# Data excerpts:
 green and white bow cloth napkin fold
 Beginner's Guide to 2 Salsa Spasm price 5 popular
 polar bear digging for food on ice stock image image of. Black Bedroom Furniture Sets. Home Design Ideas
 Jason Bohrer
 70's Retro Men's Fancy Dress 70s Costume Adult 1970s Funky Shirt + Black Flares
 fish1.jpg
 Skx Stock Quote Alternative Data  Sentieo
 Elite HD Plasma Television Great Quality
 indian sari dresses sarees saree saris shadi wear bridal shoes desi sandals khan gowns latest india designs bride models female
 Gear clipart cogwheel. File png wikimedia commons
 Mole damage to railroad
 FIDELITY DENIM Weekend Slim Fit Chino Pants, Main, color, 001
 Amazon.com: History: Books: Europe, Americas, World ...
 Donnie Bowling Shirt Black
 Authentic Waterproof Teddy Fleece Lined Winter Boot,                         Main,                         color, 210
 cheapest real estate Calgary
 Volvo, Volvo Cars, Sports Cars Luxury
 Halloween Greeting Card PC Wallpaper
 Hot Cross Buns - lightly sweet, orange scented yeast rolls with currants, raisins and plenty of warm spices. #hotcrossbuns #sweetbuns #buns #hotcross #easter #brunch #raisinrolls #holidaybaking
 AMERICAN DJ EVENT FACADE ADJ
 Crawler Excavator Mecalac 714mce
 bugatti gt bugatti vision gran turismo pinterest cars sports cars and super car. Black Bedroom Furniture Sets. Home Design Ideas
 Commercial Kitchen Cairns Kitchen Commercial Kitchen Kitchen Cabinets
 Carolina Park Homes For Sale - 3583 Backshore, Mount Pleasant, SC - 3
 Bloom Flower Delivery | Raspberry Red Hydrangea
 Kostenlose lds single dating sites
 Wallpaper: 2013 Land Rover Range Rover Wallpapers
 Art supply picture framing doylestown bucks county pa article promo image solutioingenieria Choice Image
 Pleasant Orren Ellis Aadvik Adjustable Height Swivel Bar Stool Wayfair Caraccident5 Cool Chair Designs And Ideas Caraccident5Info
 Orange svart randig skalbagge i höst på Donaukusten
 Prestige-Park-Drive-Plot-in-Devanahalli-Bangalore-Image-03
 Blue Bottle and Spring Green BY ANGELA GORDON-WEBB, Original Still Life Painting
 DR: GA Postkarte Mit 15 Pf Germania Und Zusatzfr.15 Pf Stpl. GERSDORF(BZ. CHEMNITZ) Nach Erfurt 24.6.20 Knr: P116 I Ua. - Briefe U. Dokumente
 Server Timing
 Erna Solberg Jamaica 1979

# Exercise directions:
The lines running from the start of the data through the one that contains "Elite HD Plasma Television Great Quality" should be reproduced exactly, and only those.

# Answer for the task:
 green and white bow cloth napkin fold
 Beginner's Guide to 2 Salsa Spasm price 5 popular
 polar bear digging for food on ice stock image image of. Black Bedroom Furniture Sets. Home Design Ideas
 Jason Bohrer
 70's Retro Men's Fancy Dress 70s Costume Adult 1970s Funky Shirt + Black Flares
 fish1.jpg
 Skx Stock Quote Alternative Data  Sentieo
 Elite HD Plasma Television Great Quality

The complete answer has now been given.